GIVEN MATERIAL:
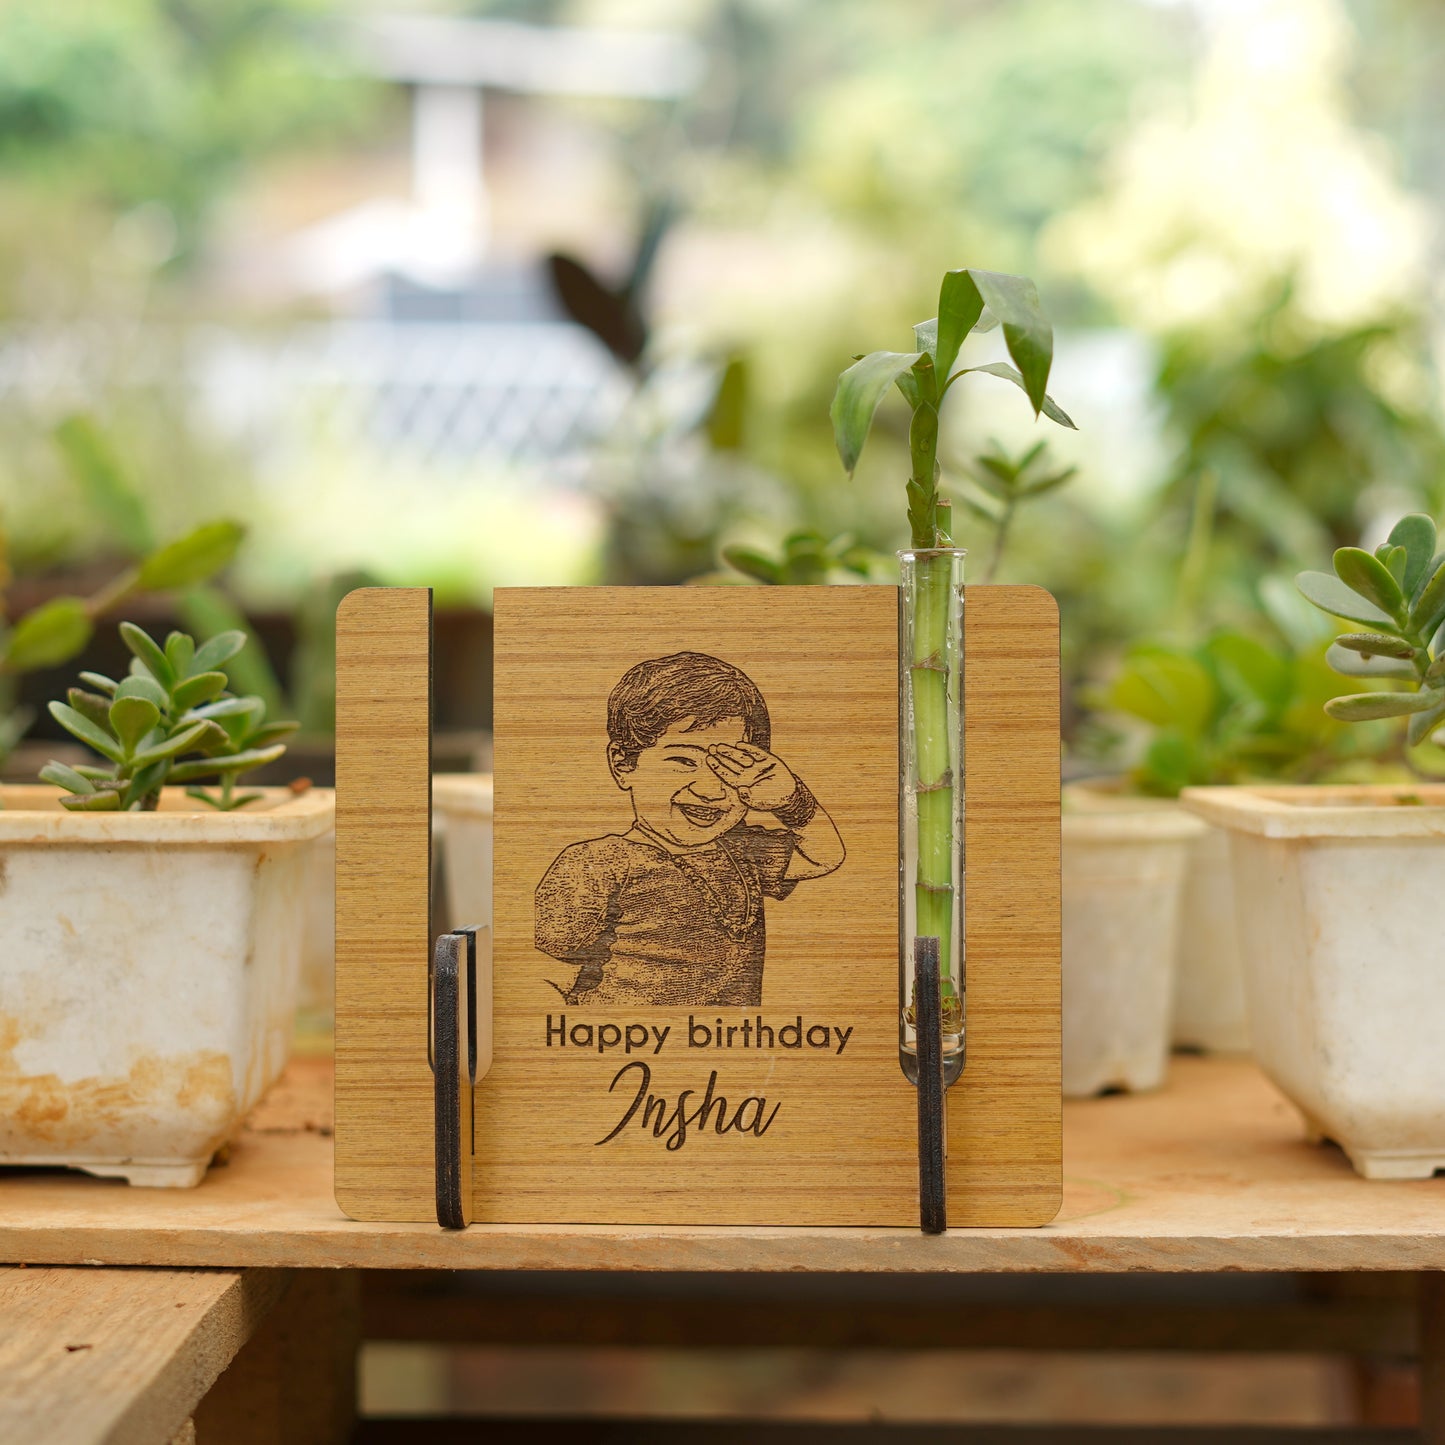 Customized Photo Engraved Wooden Plant Vase
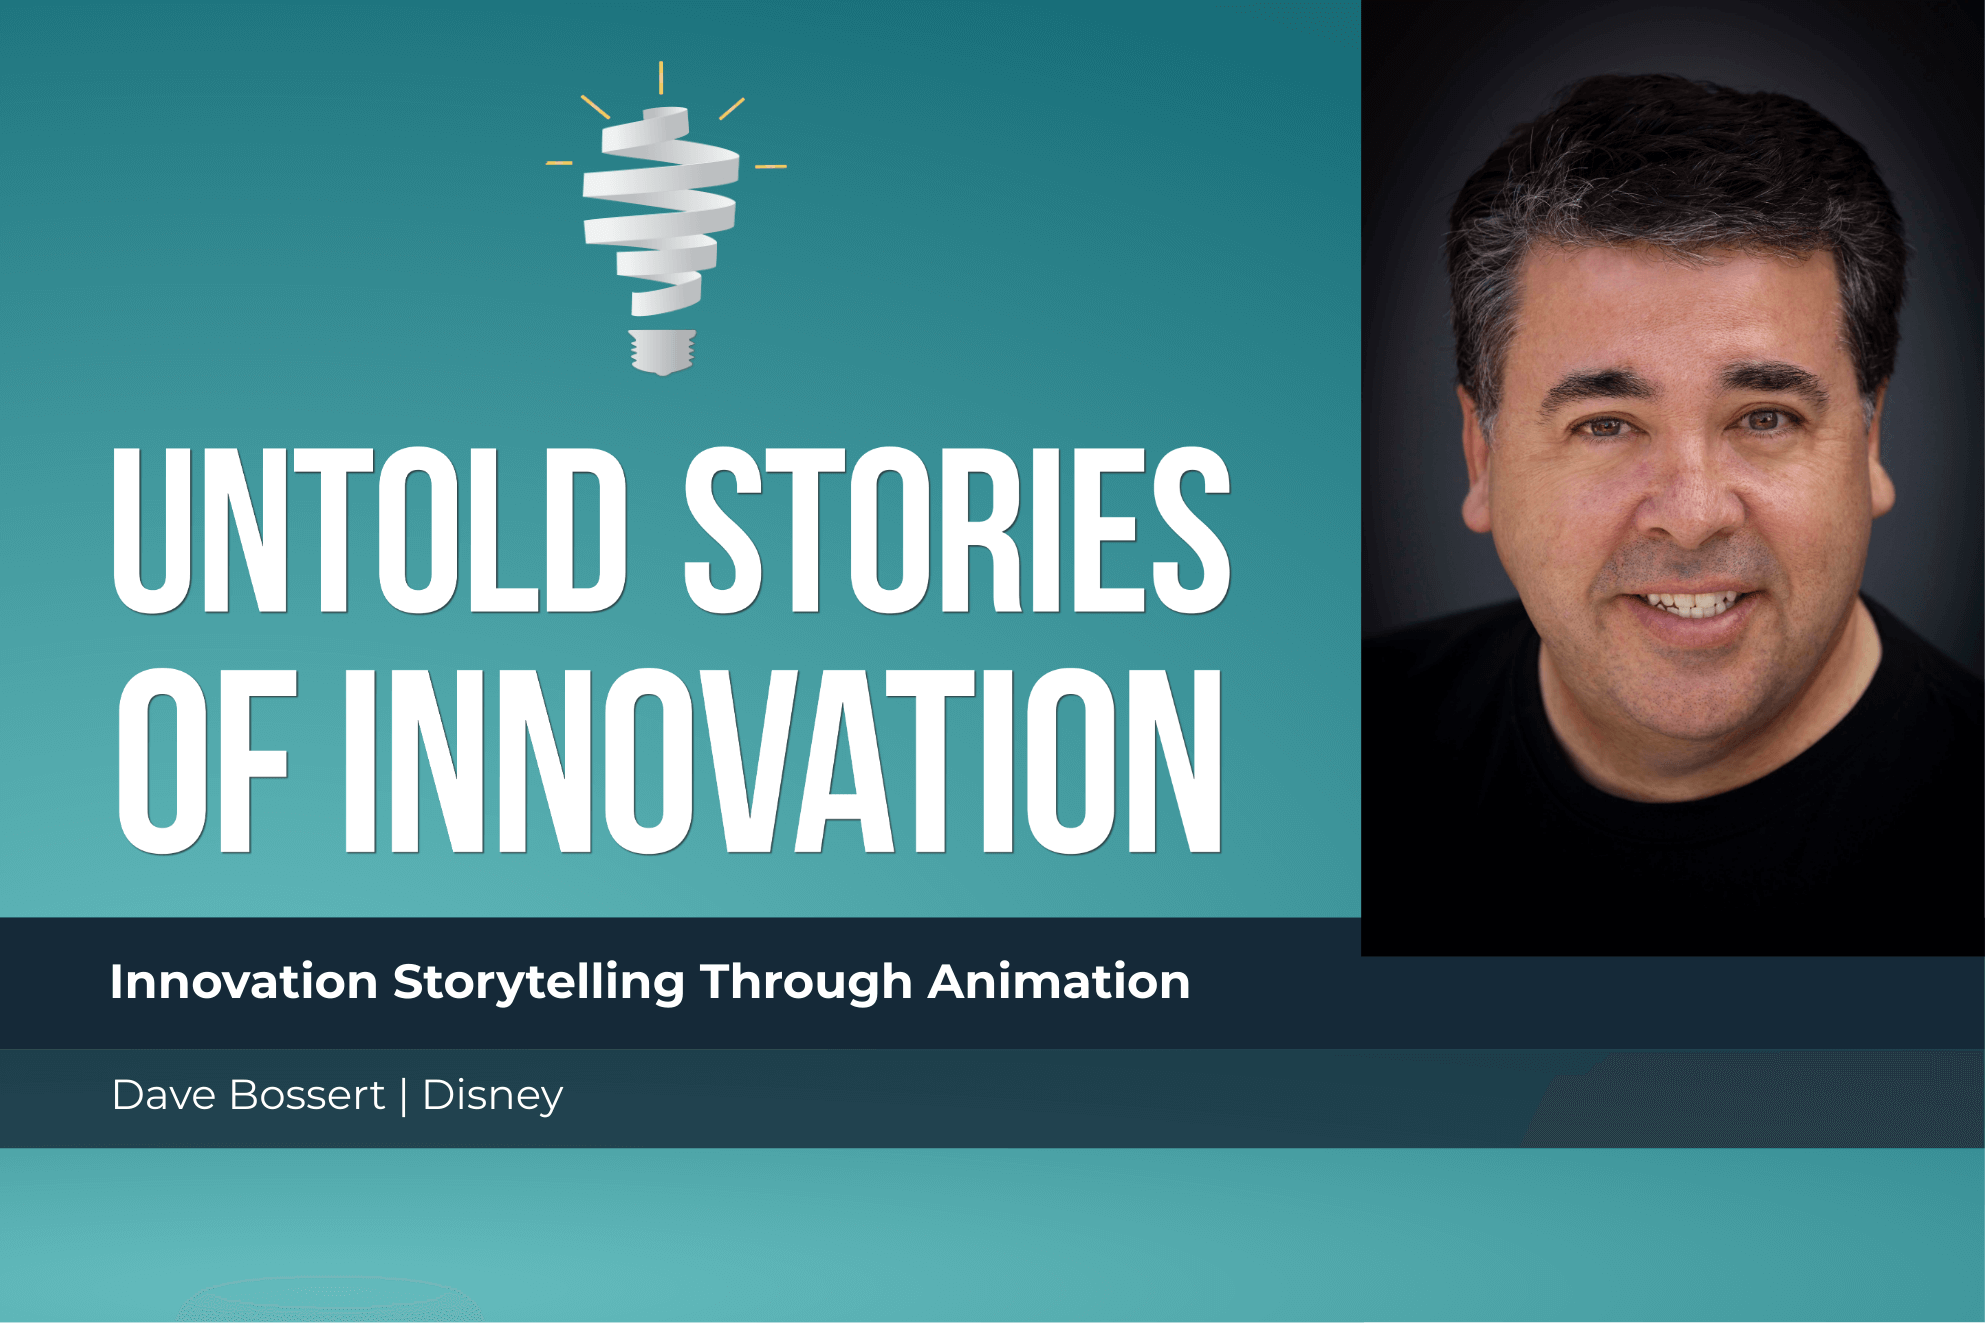 Innovation Storytelling through Animation
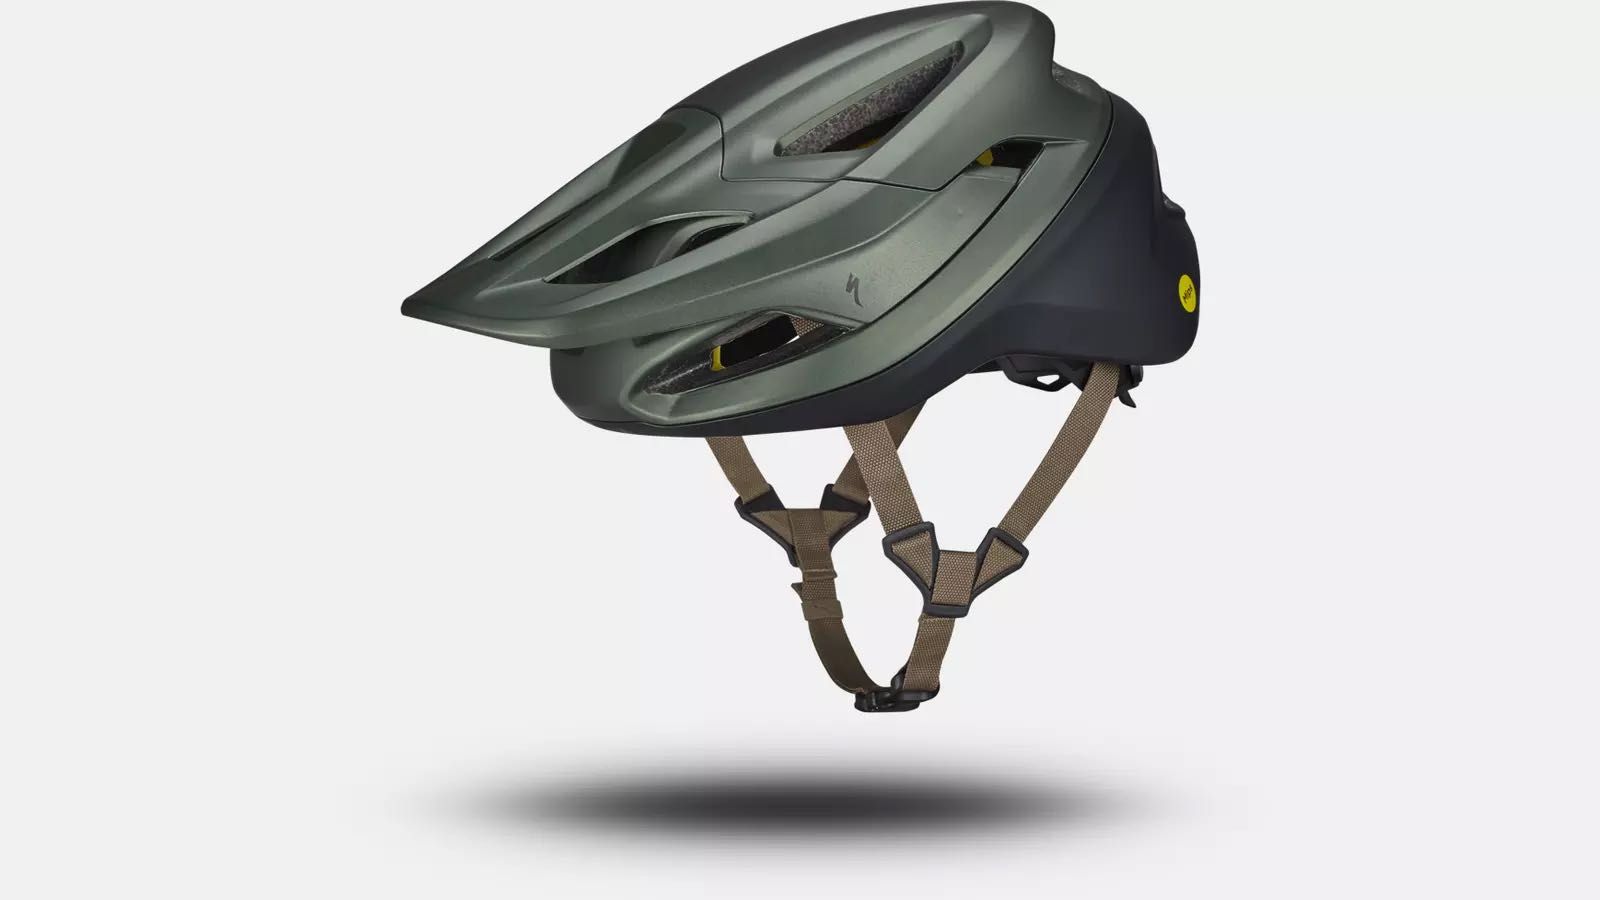 Capacete bicicleta Specialized Camber XS. Novo, nunca usado
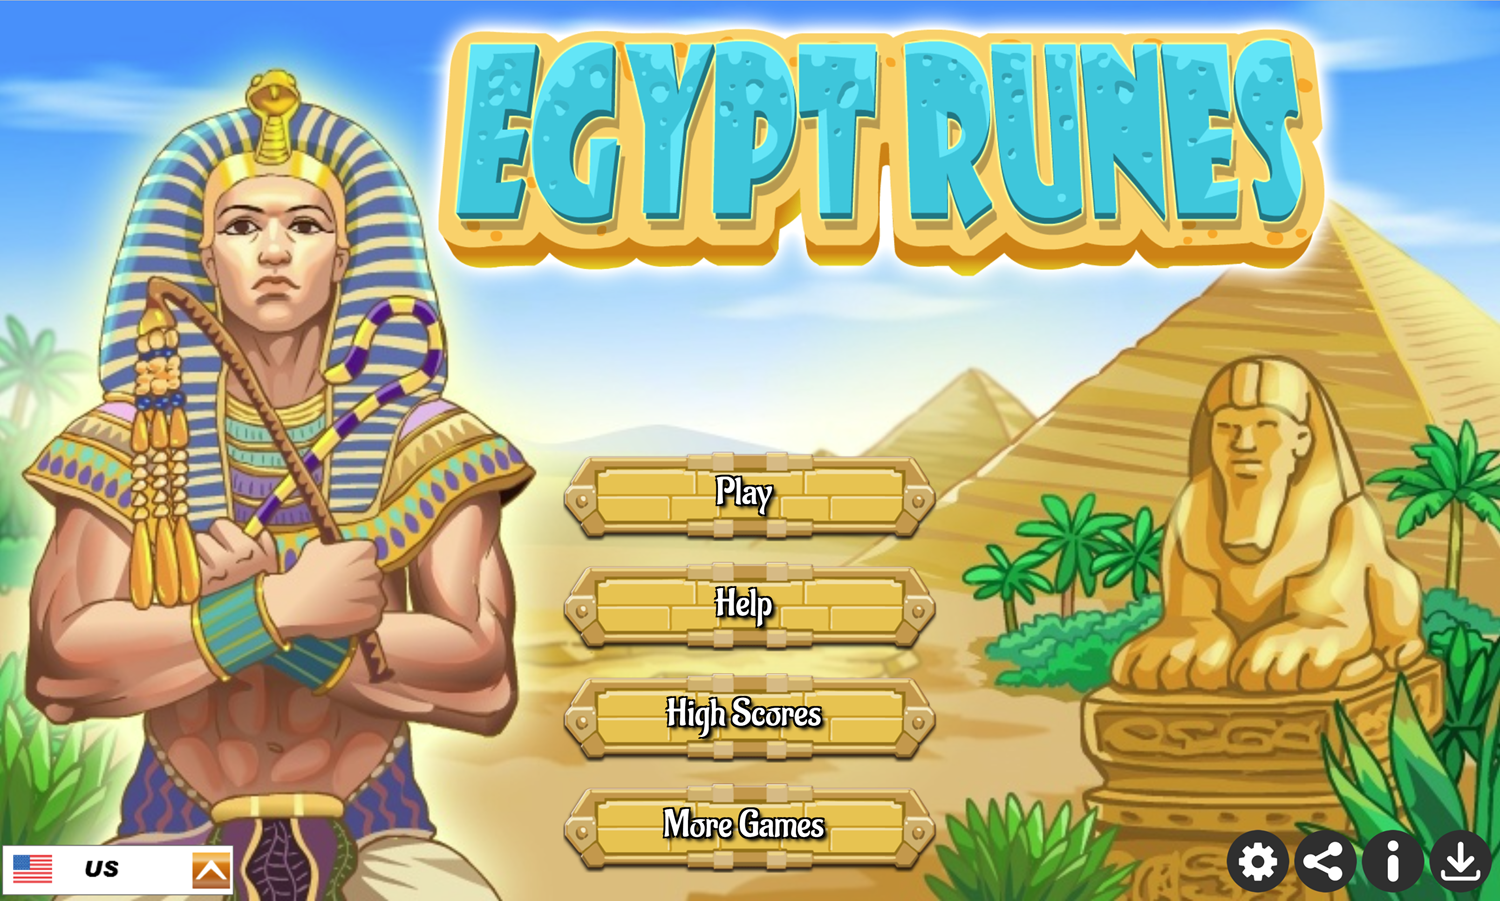 Egypt Runes Game Welcome Screen Screenshot.

WHAT THE EXERCISE ASKS: Reprint the listing above exactly, without images.

OUTPUT FOR THIS EXERCISE:
 Customized Photo Engraved Wooden Plant Vase
 Innovation Storytelling through Animation
 Capacete bicicleta Specialized Camber XS. Novo, nunca usado
 Egypt Runes Game Welcome Screen Screenshot.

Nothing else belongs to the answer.